– Дэвушка, слышите? Завтра будет, позвоните!
Нас теперь знают во всех посольствах – во всех приемных лежат стопки Газеты.
– А остро он пишет, этот ваш Лайчук, – посмеивается уважительно секретарь российского посольства на очередном приеме.
Лайчука придумала однажды за чаем мама, надкусывая бельгийские сливочные вафли, которые обморочно пахнут ванилью и рождественской выпечкой.
В почтовом ящике – приглашения от посольств и консульств, предложения от общественных организаций поработать вместе и призывы познакомиться с новыми чиновниками, отвечающими за интеграцию в венском магистрате.
Мы знаем, что в азербайджанском посольстве на приемах ложками едят черную каспийскую икру, вальяжный хозяин большого грузинского ресторана – бывший вор в законе («если нужна помощь – ну вы понимаете»), а больше 60 процентов недвижимости в самом венском центре принадлежит России и русским («ты, конечно, можешь об этом написать – убрать не уберут, просто не поверят. Ведь документов-то у тебя на руках нет. Это я их видел – а я ничего не скажу под диктофон»).
Жизнь превращается в город с извилистыми переулками – вроде старой Вены, средневековой, которую снесли почти подчистую, – и я знаю, что там, за следующим поворотом, я могу это уже предугадать и пройти по узким улочкам с закрытыми глазами.
Коды-коды-коды.
Только каким кодом расшифровать, что думает твоя сестра, с которой ты запускал воздушных змеев на поле, засеянном овсом за сторожкой, непонятно.

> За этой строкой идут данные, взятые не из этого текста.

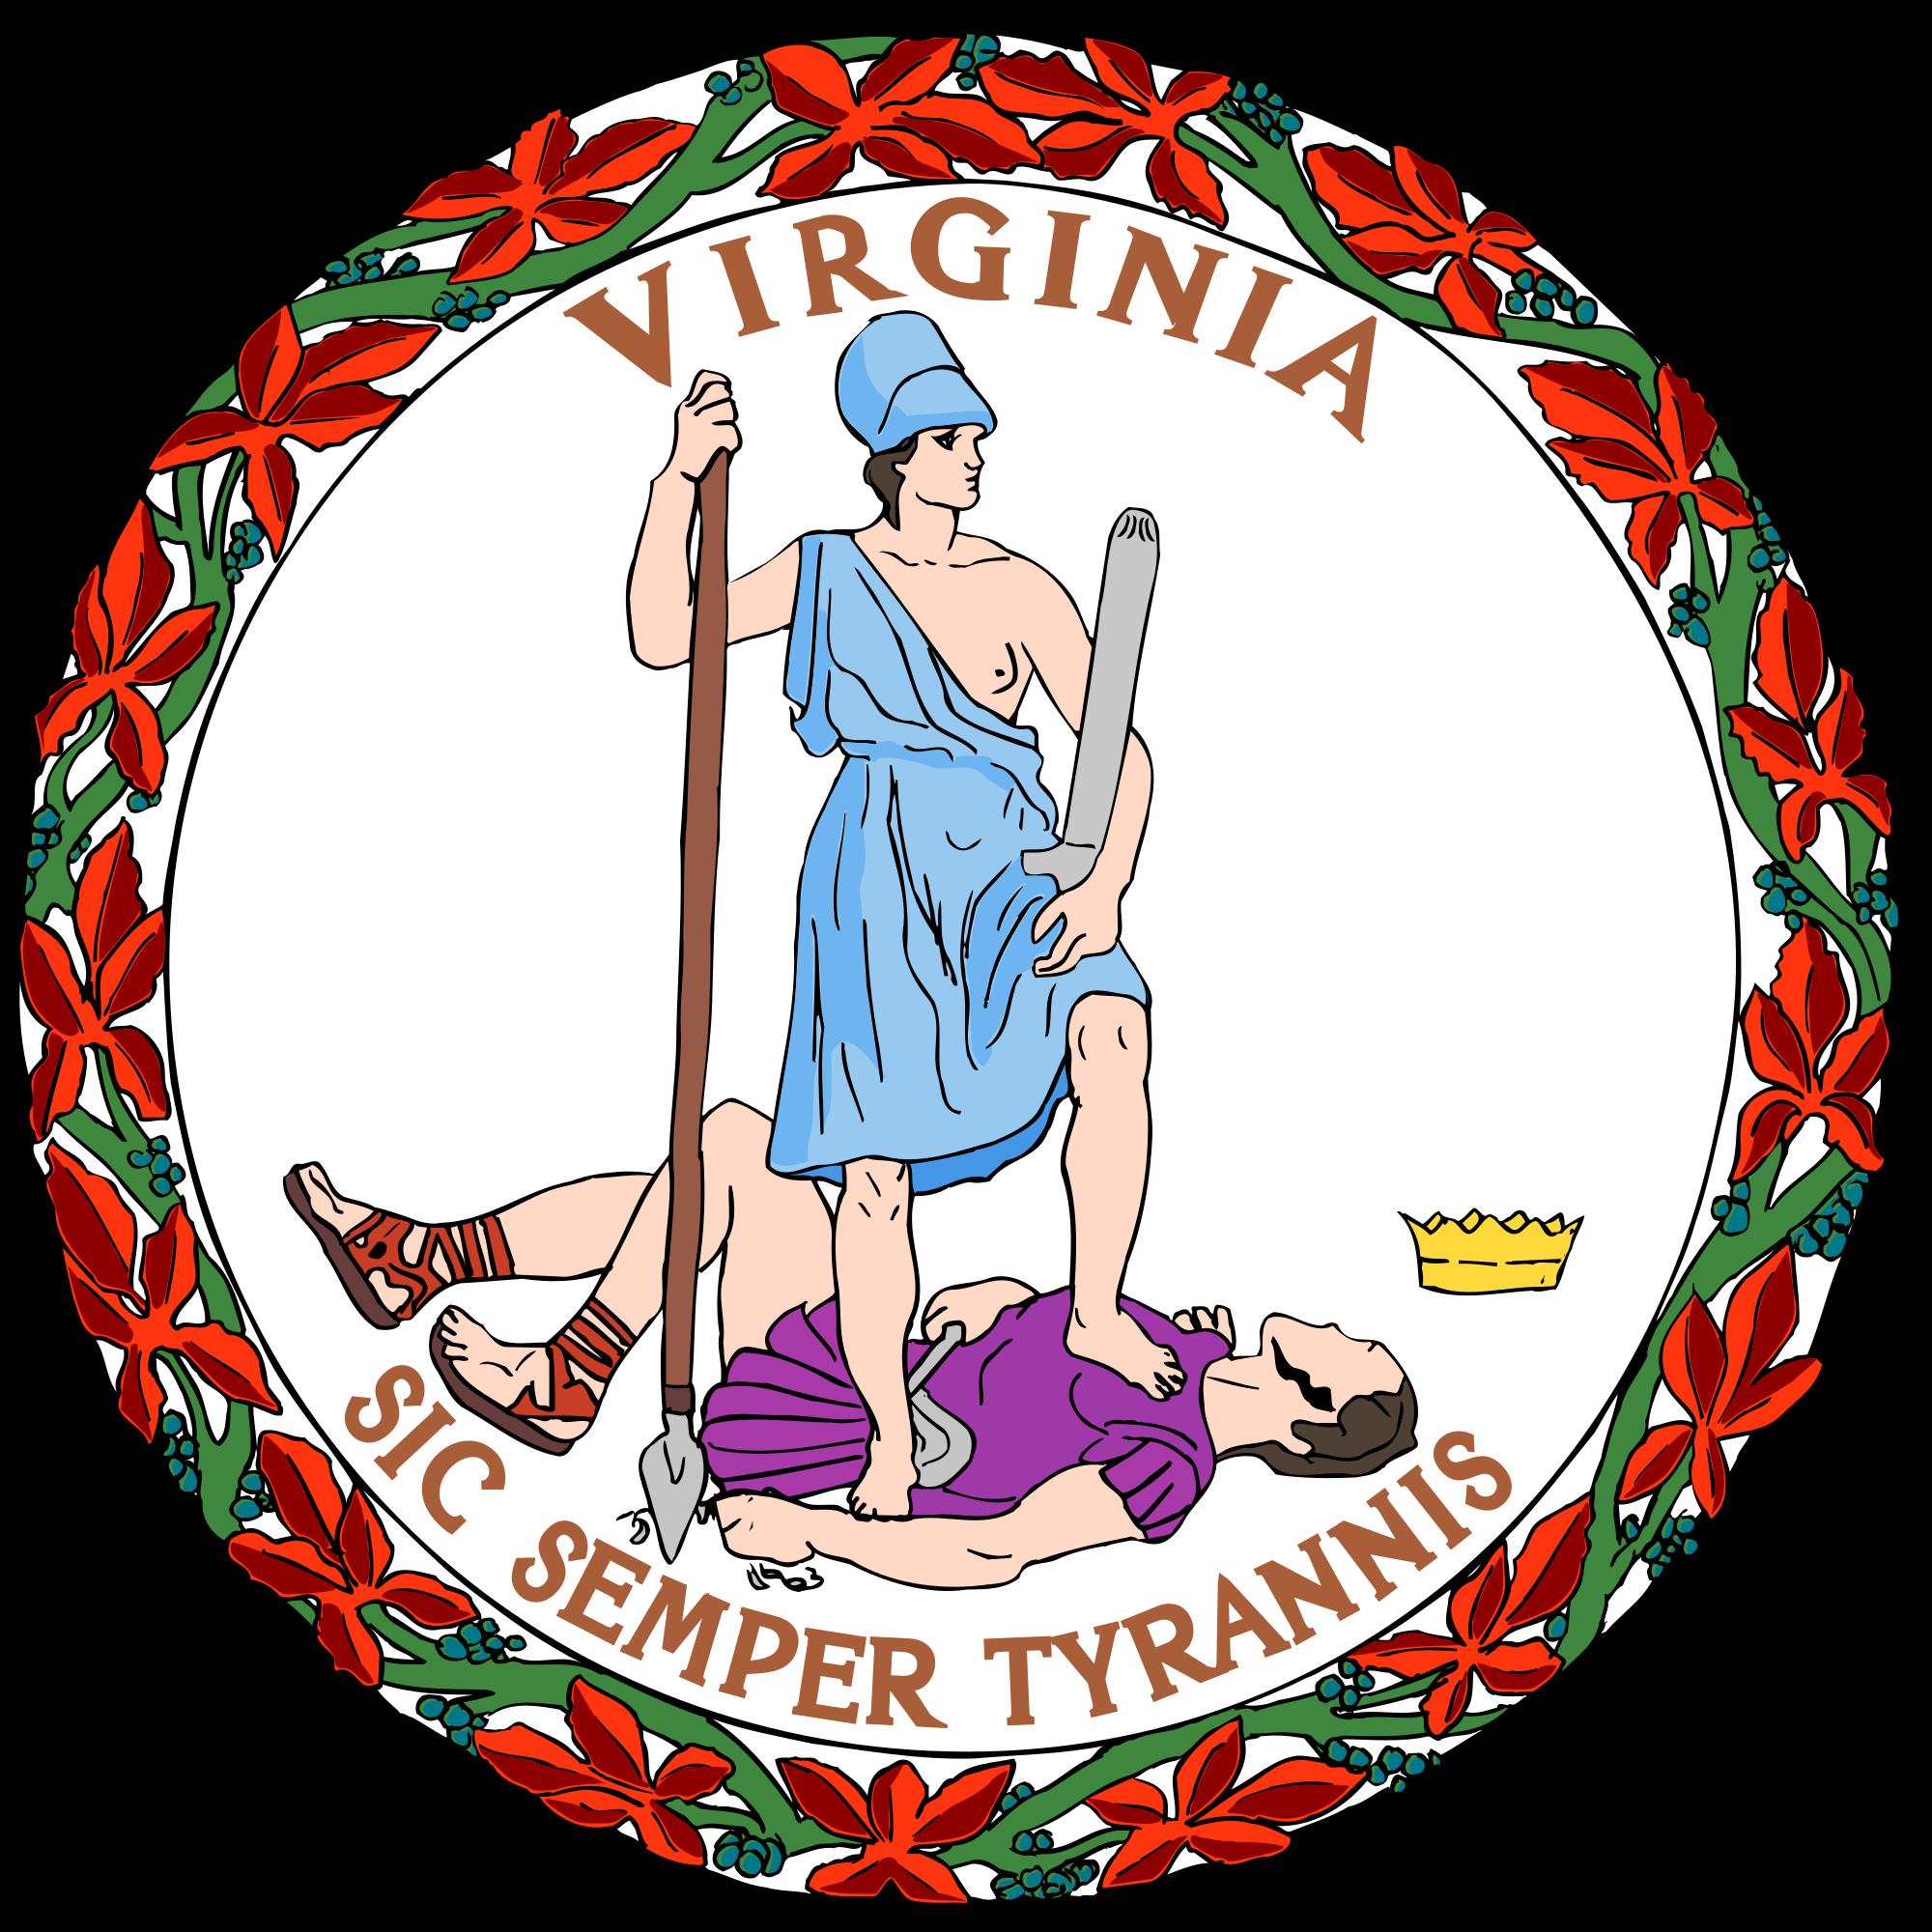 Virginia general assembly clipart clip art transparent Virginia General Assembly - Wikipedia clip art transparent

Она, кажется, все больше и больше отходит от тебя – и от всех вас. Вас уносит река Межсезонья, а она не чувствует, что надо просто положиться на волю волн и плыть. Она стоит на берегу – и ничто не может заставить ее почувствовать Межсезонье.
Но я старалась этого не замечать – а может, и вправду не замечала, потому что была занята другим.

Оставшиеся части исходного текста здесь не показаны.